In a game that didn’t lack a possession where a player fell hard and came up slow, Dorchester (1-3, 1-1 Central) could not fight through a 5-point halftime deficit due to a solid Cambridge (1-2) defense and lost to the Falcons 58-51.
Dorchester coach Johnny Williams said that the loss was not a matter of talent but rather a lack of mental strength in a physical game.
“We got a little unfocused, we were worried about a couple of questionable calls where a couple kids were complaining about getting smacked but they didn’t play through it,” Williams said.
One player who did play through it was senior Jeduan Langston. The shooting guard led the way for the Bears, scoring nine of his 22 points in a late fourth quarter surge.

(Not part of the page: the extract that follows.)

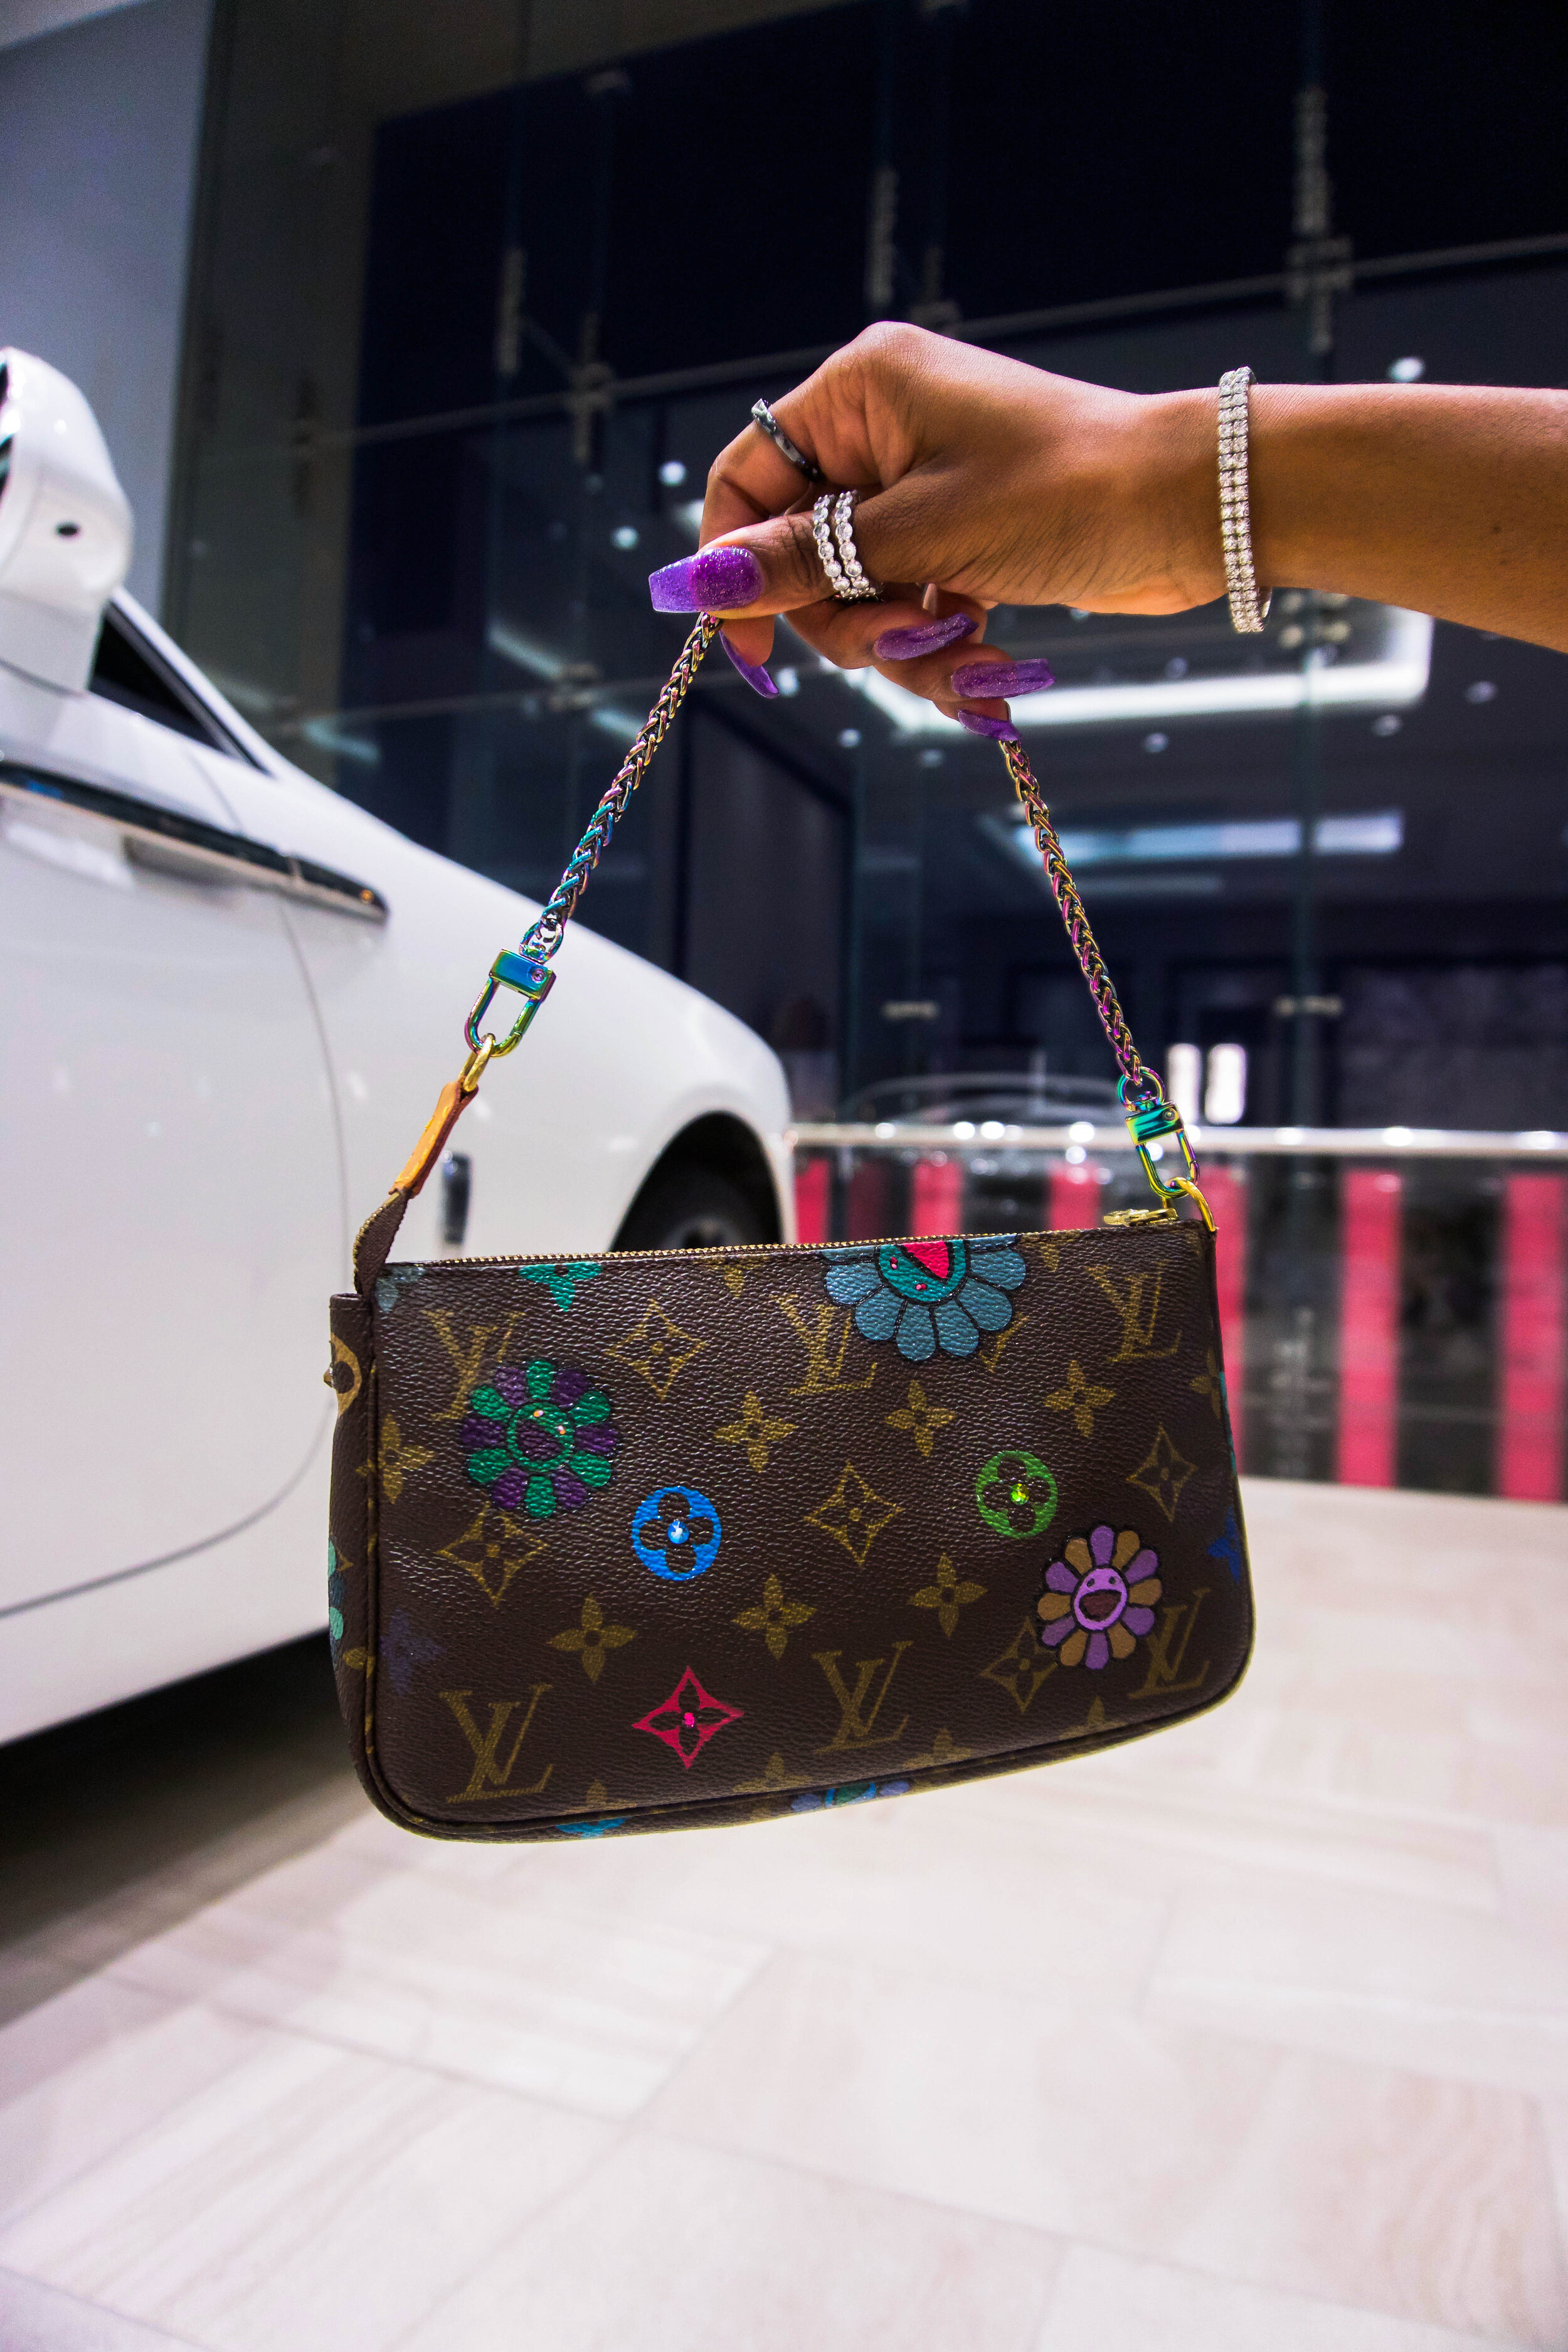 Bag:   Louis Vuitton x BTD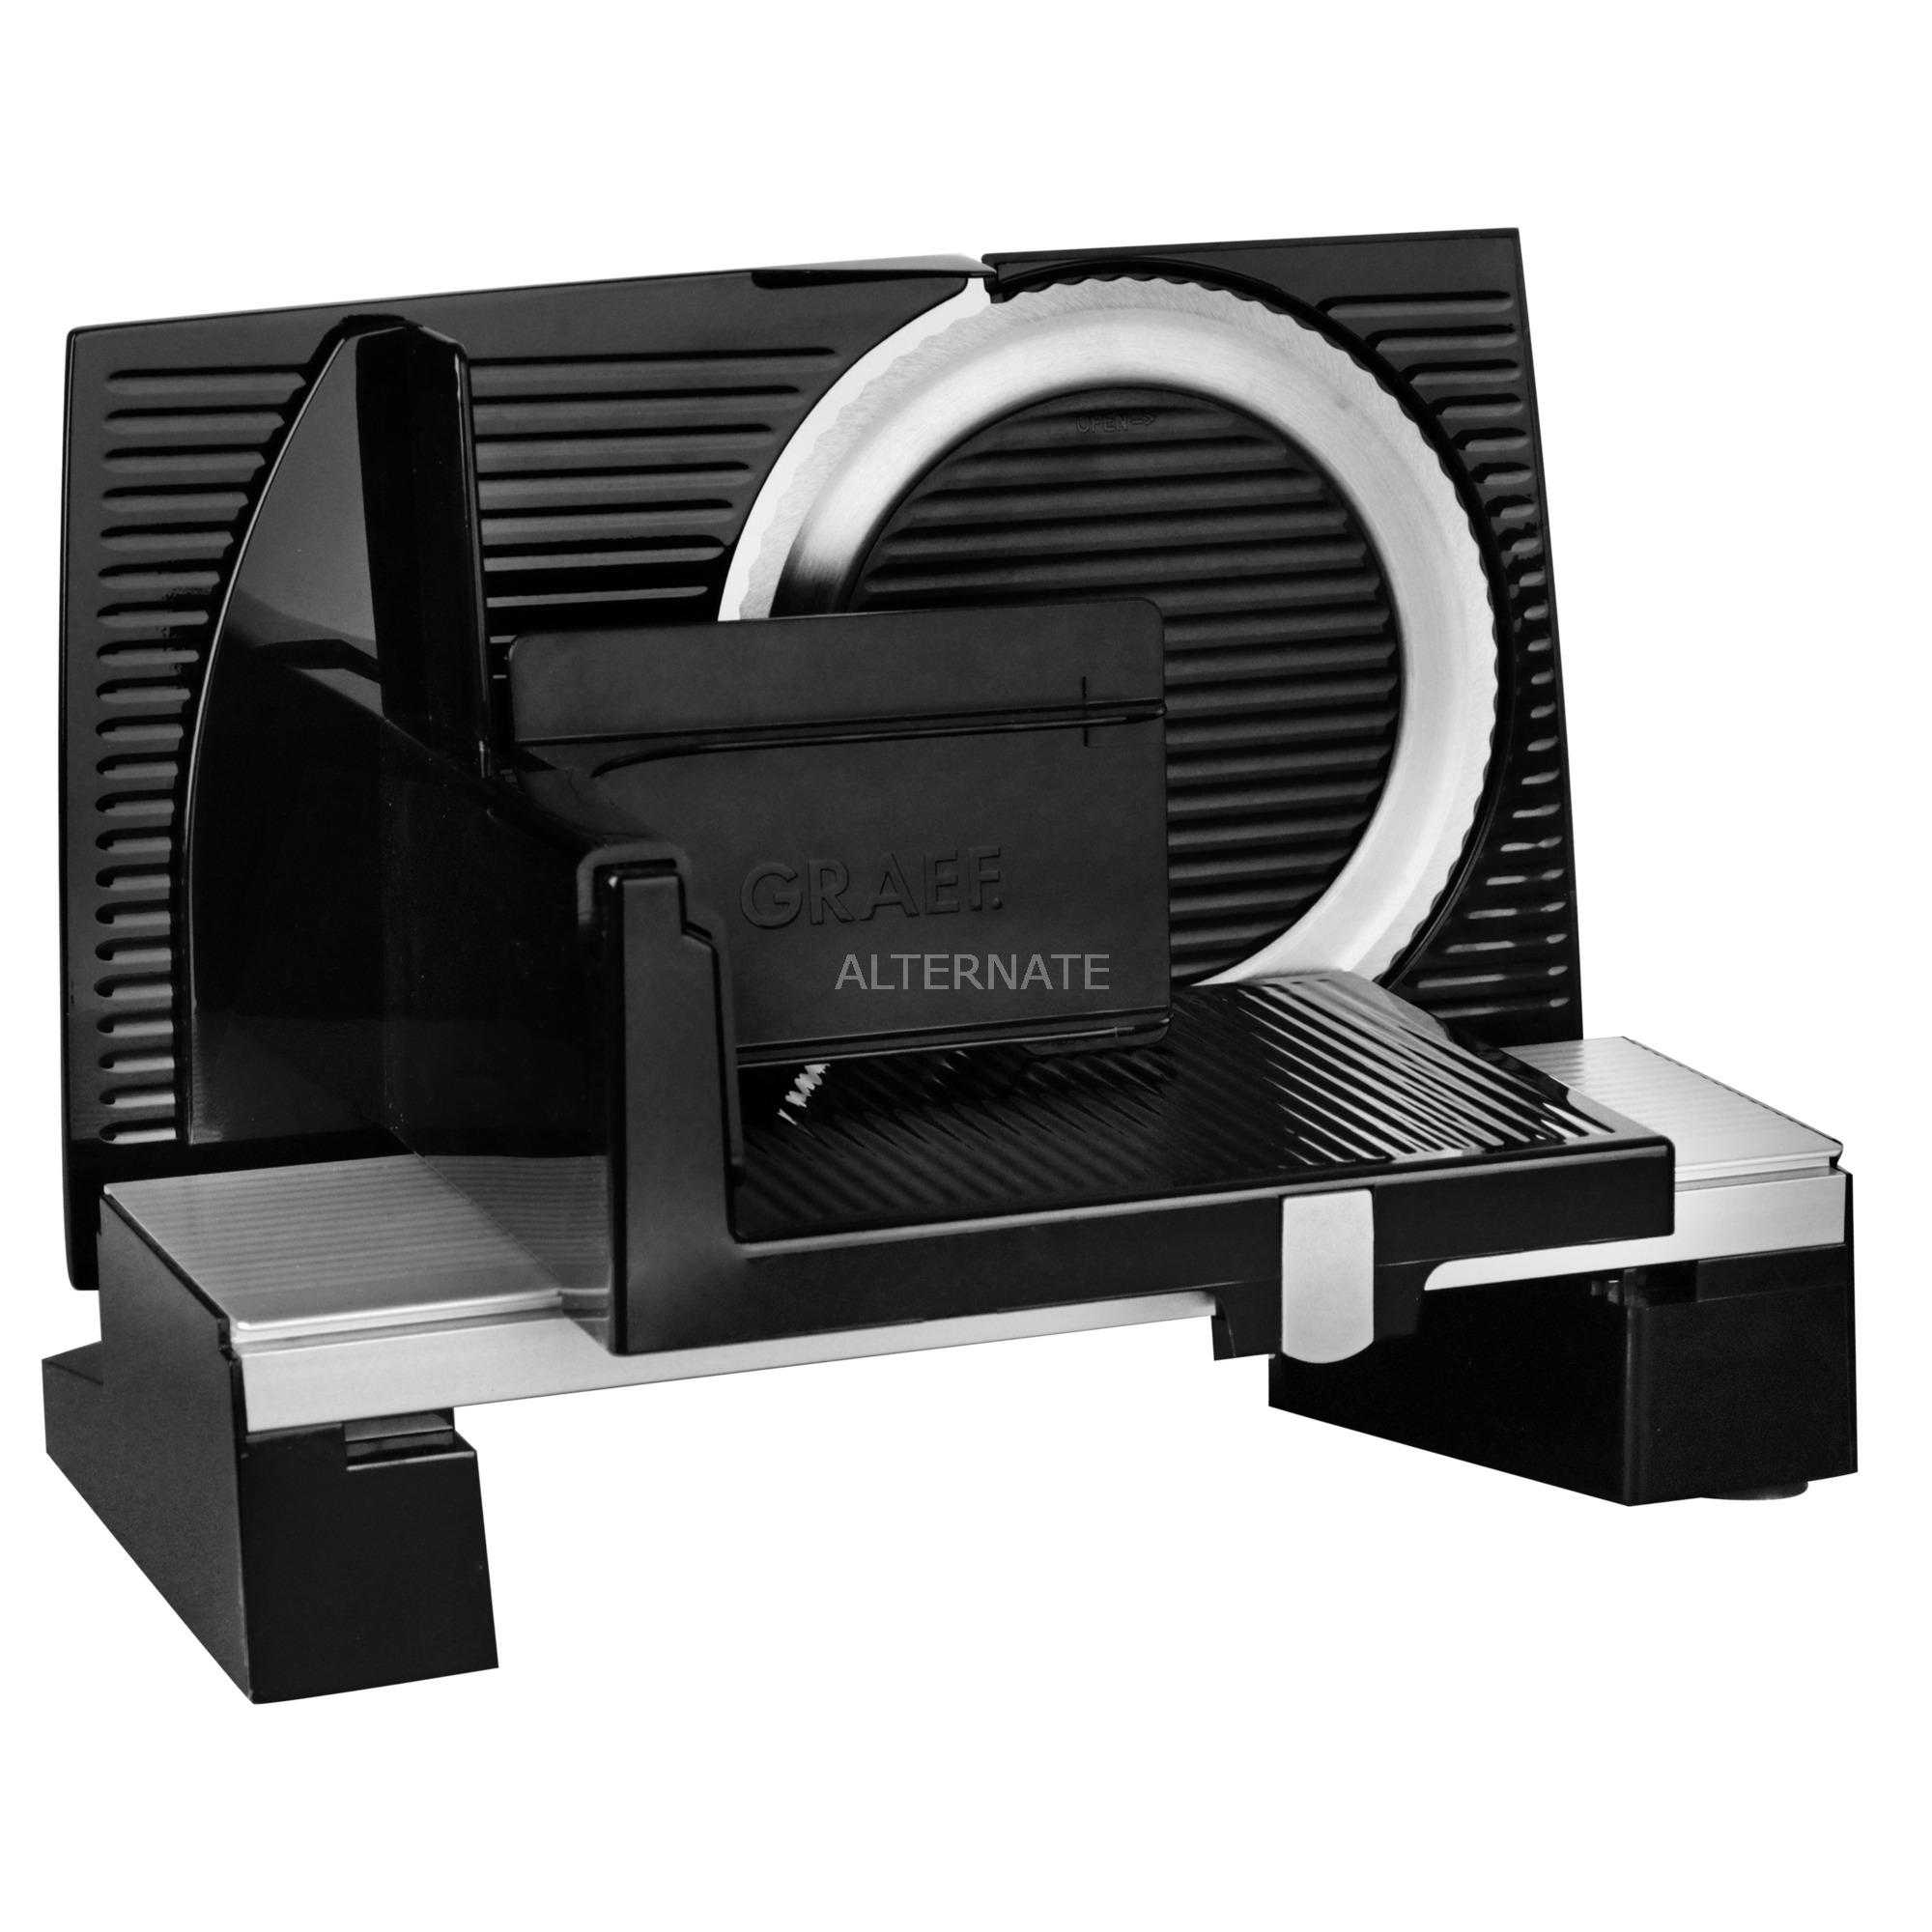 S 10002 rebanadora Eléctrico Negro Aluminio 170 W, Cortatodo

Dorchester began the quarter down 39-30 but went on a 5-0 run that began with a Langston layup.
The guard than hit the floor hard on a take to the basket and had to come out of the game for nearly four minutes after hitting one of two at the line.
“He still played tough in the end. When he was [broken], he wanted to be in there. He might be out a game or two but his heart? You can’t take that away,” said Williams.
Dorchester managed to score 21 points in the quarter but it was not enough against a Cambridge team that managed to put up 19 points to close out the game. The Falcons were led by senior guard Robell Gebeyehu with 16 points, including two 3-pointers.
The game was really decided in the second quarter, when the Bears were held to just 5 points compared to 15 for Cambridge, bringing them in to the half down 23-18.
“[We had] better rotations, guys [were] pressuring the ball a little bit better. We still cannot allow the basketball to go all the way to the cup as it did,” said Cambridge coach Lance Dottin.
However, Dottin felt the same as Williams in terms of the physicality of the game getting out of hand.
“I thought it was physical on both sides. There was a little bit too much that was allowed in terms of contact.”
Cambridge was able to hold it together though and use the physicality to its advantage, with 15 of the team's 19 fourth-quarter points coming from the line. That’s more than Dorchester had in the last three quarters combined.
“We work on that. That’s something we pride ourselves with, being mentally tough,” Williams said. “I’m dealing with 17-year-old kids, I’m expecting them to be mentally tough but there’s only so much a kid can take before they break.”
Dorchester will hope to regain its mental strength and remain stable in the team's next city game against East Boston, slated for 5:30 p.m. Jan. 23.